WORK ORDER:
Your copy should repeat the data that follows exactly and contain no image.
[[ DATASET SECTION, beginning ]]
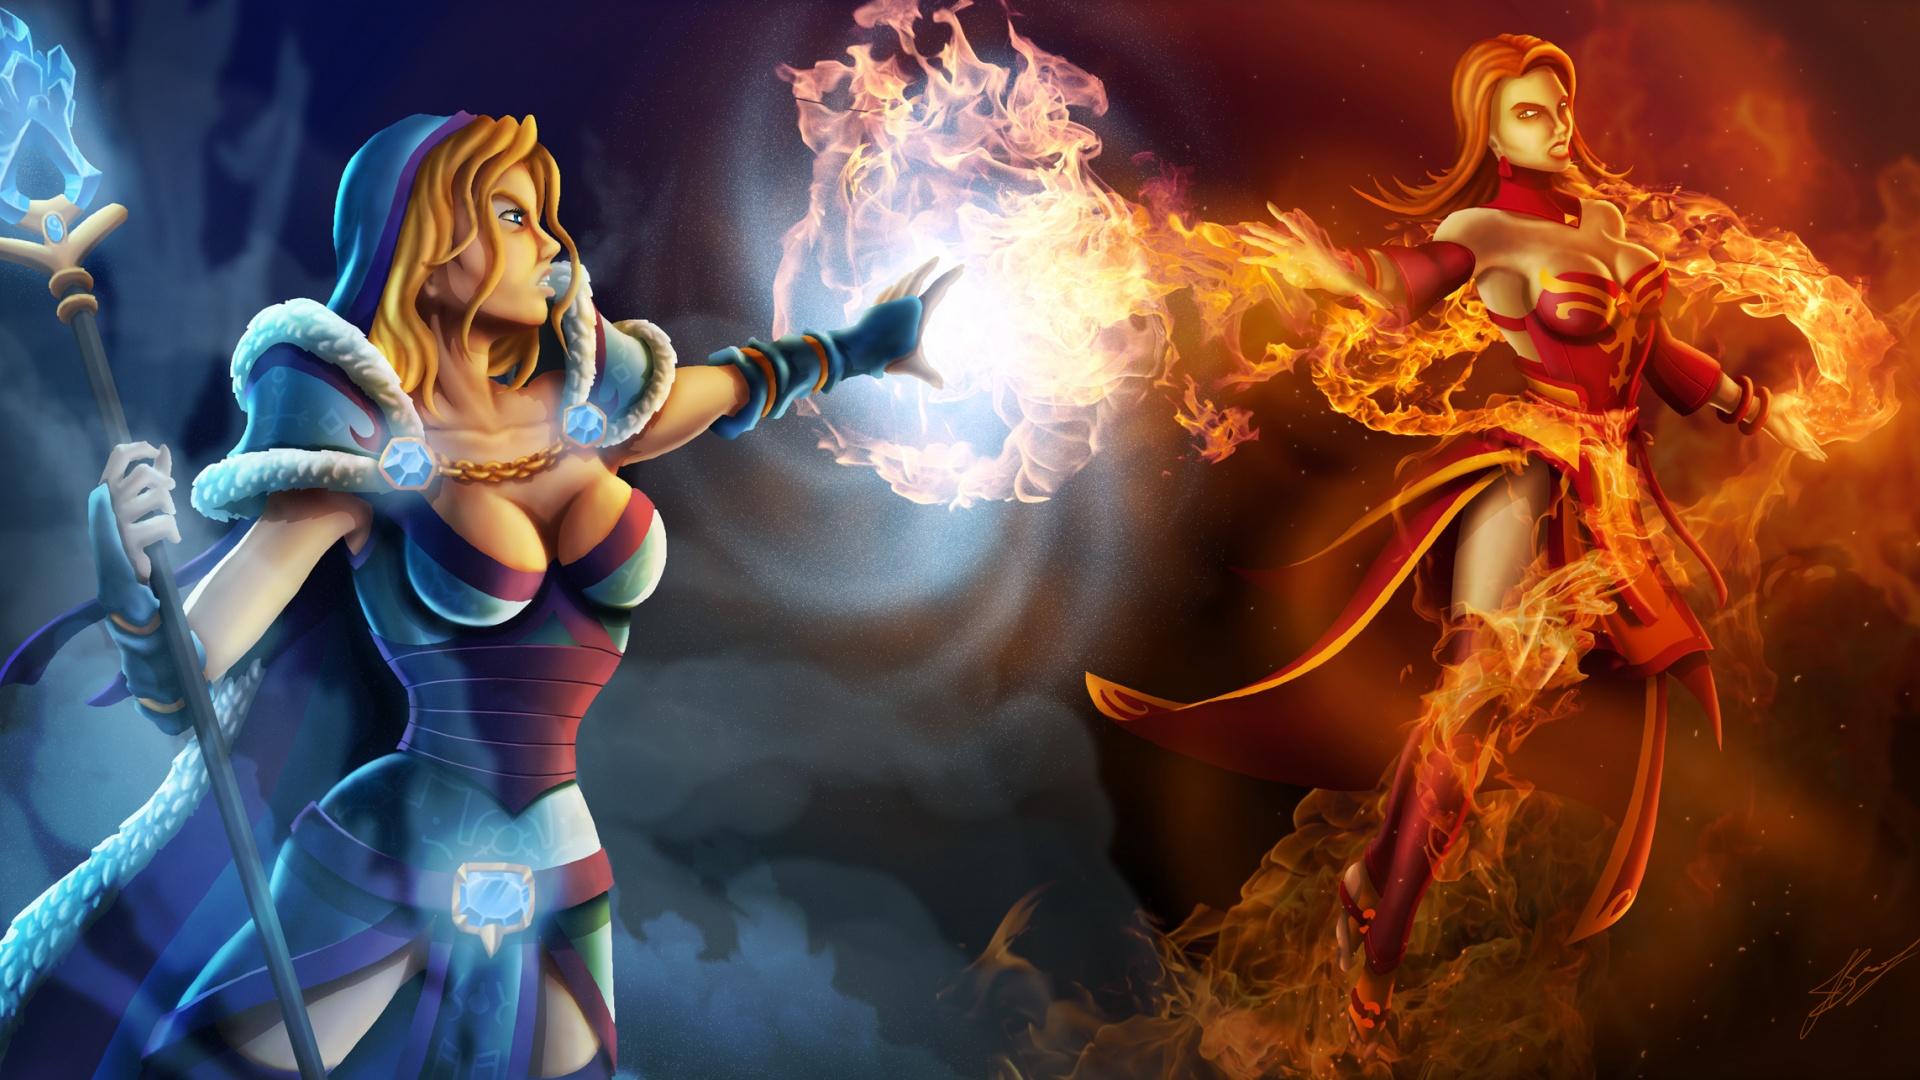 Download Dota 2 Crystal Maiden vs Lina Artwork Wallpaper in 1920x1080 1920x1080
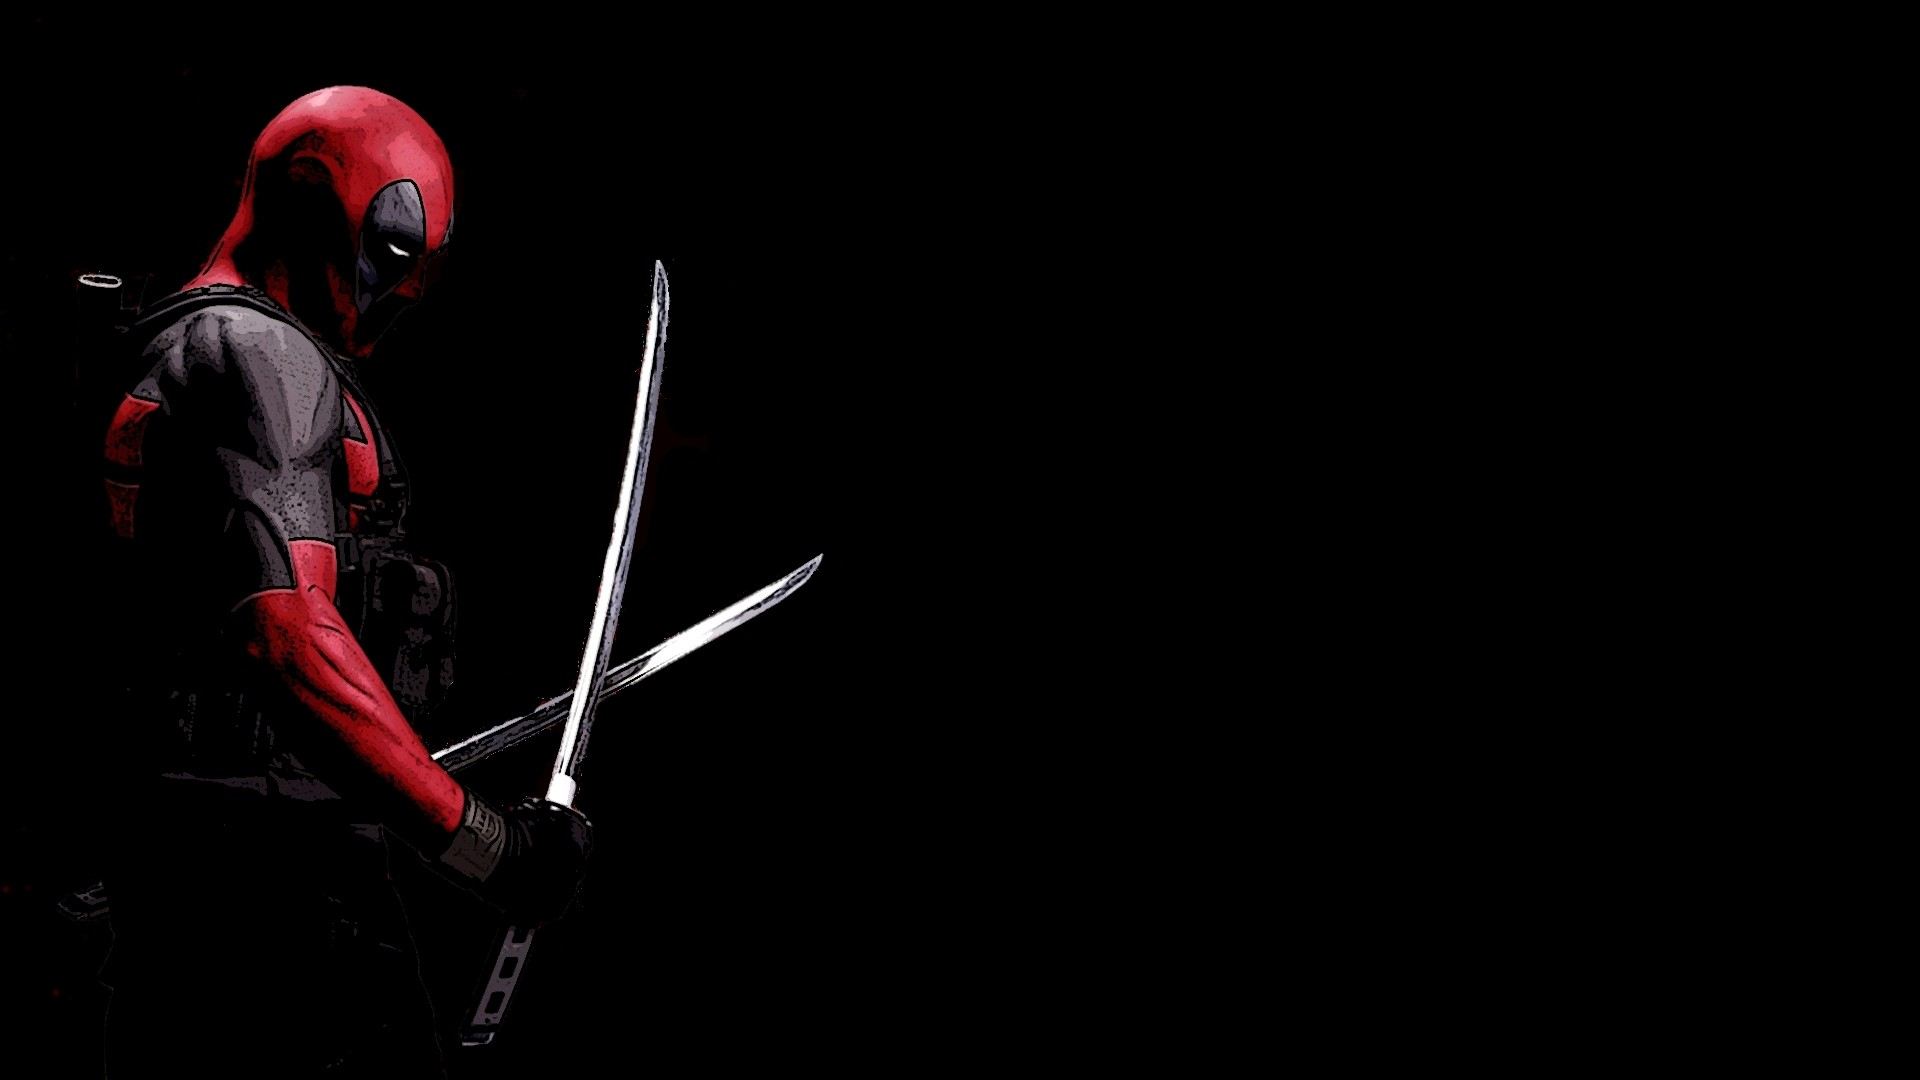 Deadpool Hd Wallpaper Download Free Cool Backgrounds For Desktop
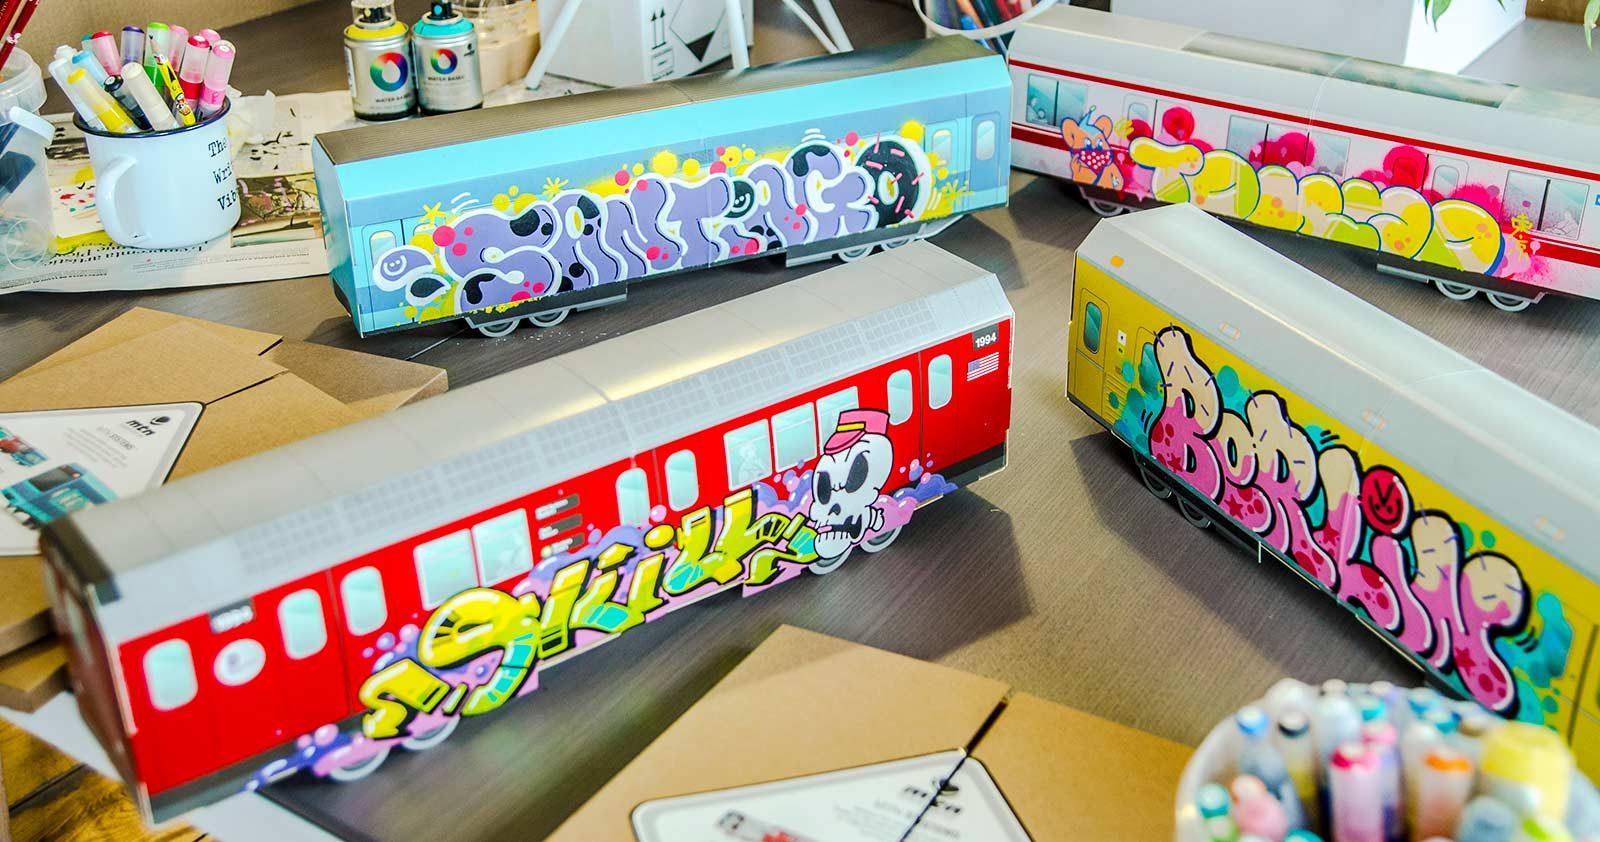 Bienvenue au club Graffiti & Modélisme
[[ DATASET SECTION, end ]]
FINISHED TASK:
 Download Dota 2 Crystal Maiden vs Lina Artwork Wallpaper in 1920x1080 1920x1080
 Deadpool Hd Wallpaper Download Free Cool Backgrounds For Desktop
 Bienvenue au club Graffiti & Modélisme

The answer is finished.